As eleições de mid-term de 94, em contraste, foram importantíssimas e, elas sim, assinalaram uma virada. O que ocorreu? Que o jovem ex-governador do Arkansas Bill Clinton, 46 anos, fora eleito presidente dois anos antes, após duas décadas republicanas interrompidas apenas pelo fugaz Carter. E preparara um programa reformador. Pretendia grandes mudanças, seja de estrutura social, seja de costumes. No plano dos costumes desafiara os conformistas ao dar plenos direitos aos gays no exército. E sobretudo desafiara os conformistas e o lobby das armas, propondo-se a vedar a venda a varejo de pistolas e fuzis, na contramão de uma das mais arraigadas (e incompreensíveis) paixões americanas, pela defesa pessoal armada. No plano social, propusera uma ampliação do Wellfare State e a introdução de uma reforma da saúde que teria introduzido a saúde pública como um direito de todos, em um sistema totalmente privado e baseado na concorrência. Seria uma transformação de princípios: não mais “assistência”, vinda de cima, mas direitos reconhecidos em um patamar mínimo de igualdade — e sobretudo uma mudança radical no plano dos interesses (com o desmantelamento da fortaleza econômica da saúde privada e das gigantescas especulações das empresas da previdência).

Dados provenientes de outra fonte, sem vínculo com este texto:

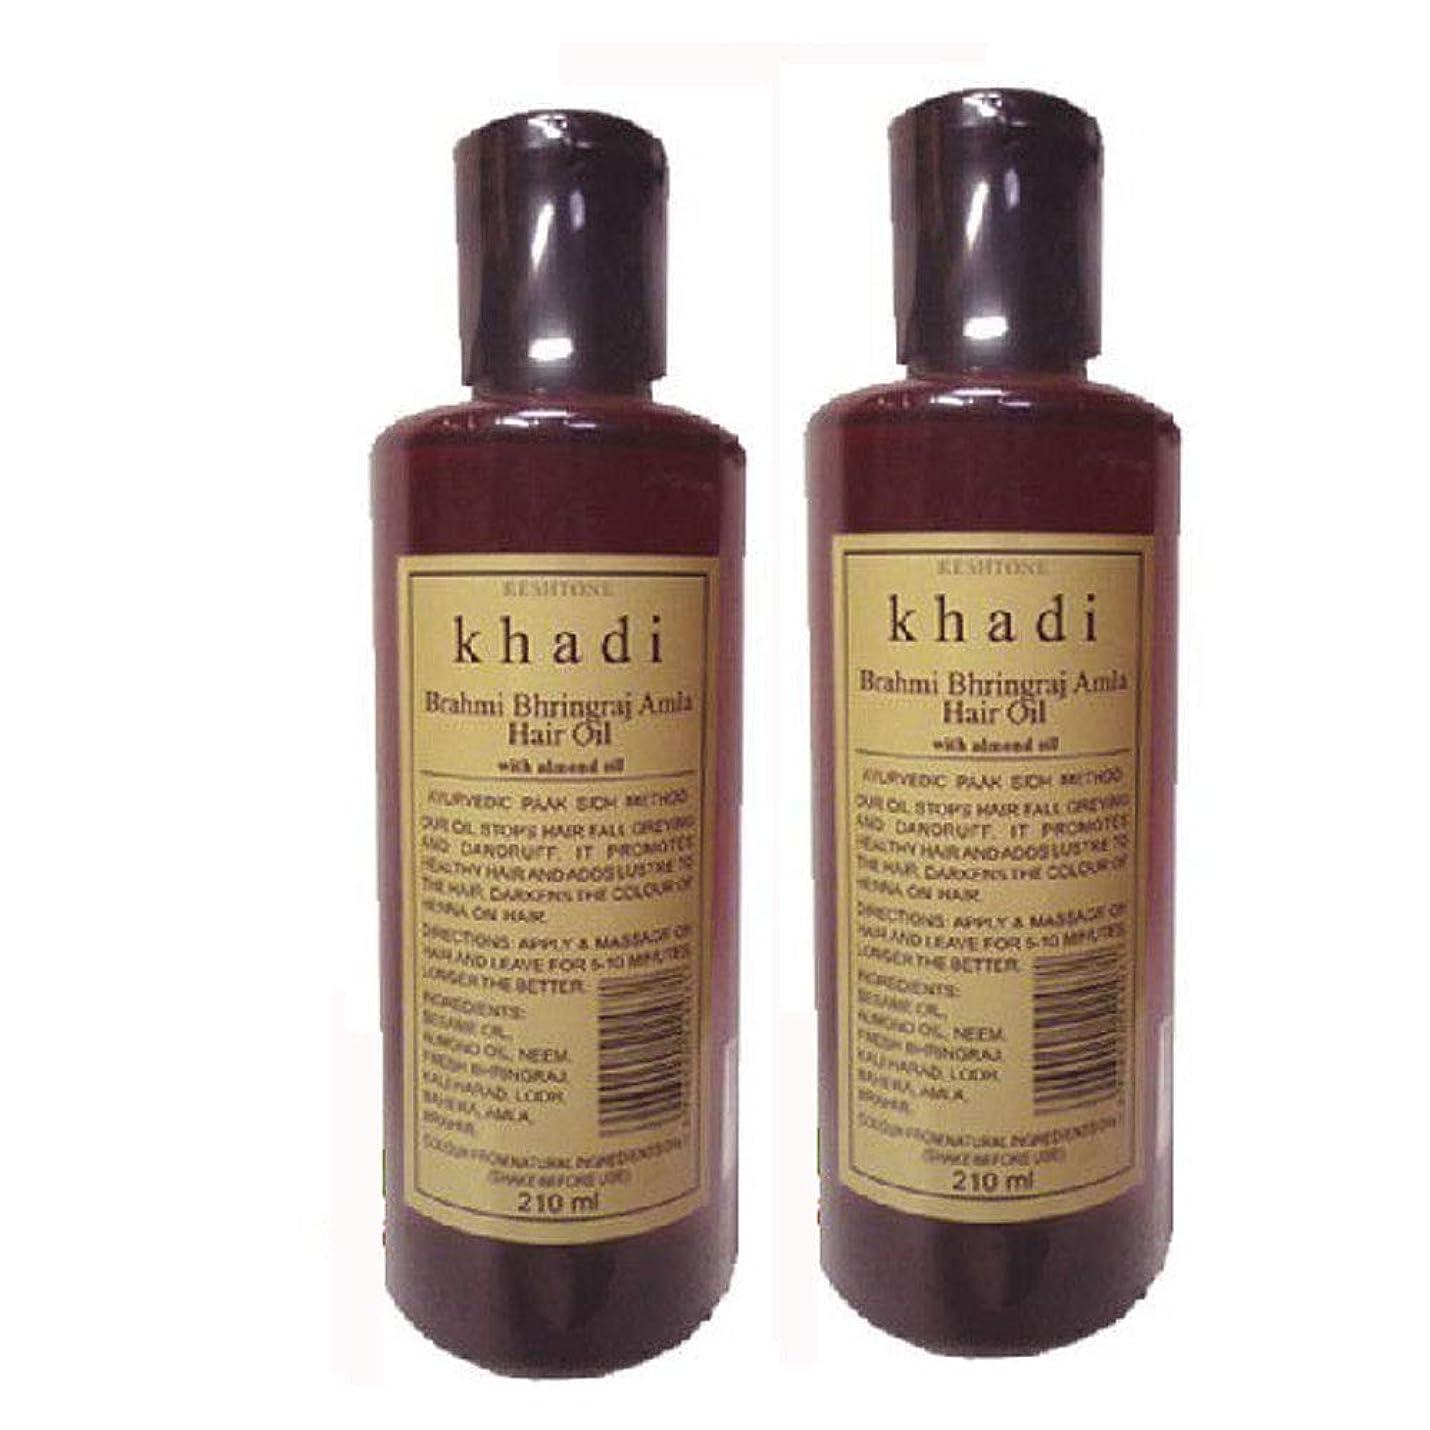 アルファベットエンジニア曲手作り カーディ ブラミ ブリングジ アムラ ヘアオイル 2本セット KHADI Brahmi Bhringraj Amla Hair Oil with almond oil 2set

Clinton se chocou com um formidável lobby de corporações, que sustentaram a campanha eleitoral de seu adversário, o emergente Newt Gingrich, que aderiu ao Partido republicano sustentando posições ultraliberais (dizia que Reagan tinha sido um moderado). Eleito, perdeu clamorosamente as eleilões de mid-term; Gingrich clamorosamente venceu-as. A conseqüência foi o abandono de todas as reformas e um redimensionamento do Wellfare Stat: redução dos impostos, da assistência social, dos salários-desemprego, e assim por diante. Uma formidável virada moderada que frustrou no nascedouro o sonho clintoniano e influenciou profundamente, nos anos seguintes, as experiências européias de centro-esquerda (Romano Prodi na Itália, Michel Jospin na França, Gerhard Schroeder na Alemanha, Tony Blair na Grã-Bretanha).



O voto distrital é centrista



Por que o sistema parlamentar americano impede as viradas à esquerda? Porque o voto distrital pende para o centro. O sistema de vetos e balança de poderes leva a um bipartidarismo que com muita freqüência se torna monopartidarismo (política fiscal, guerra, Patriot Act, etcetera).



E o monopartidarismo só se realiza com o deslocamento do Partido Democrata para o centro e para a direita, jamais com o movimento inverso. Sim, pois — os fatos o demonstram — o Partido Democrata amiúde ganha votos ao centro, porém jamais o Partido Republicano os conquista à esquerda.



De onde vieram as mudanças



A verdade é que as únicas grandes transformações de esquerda nos EUA ocorreram sob o influxo dos movimentos, fora da lógica dos partidos e do bipartidarismo: o movimento negro, o dos direitos civis em 68, o movimento contra a guerra.



É nessas ocasiões que a sociedade americana se desloca, os negros obtêm grandes conquistas, o Estado social avança. E isto sob a guia de dois dos presidentes mais opacos da história recente, Lyndon Johnson, democrata e “carniceiro do Vietnã” e Richard Nixon, o republicano dos complôs e das trapaças.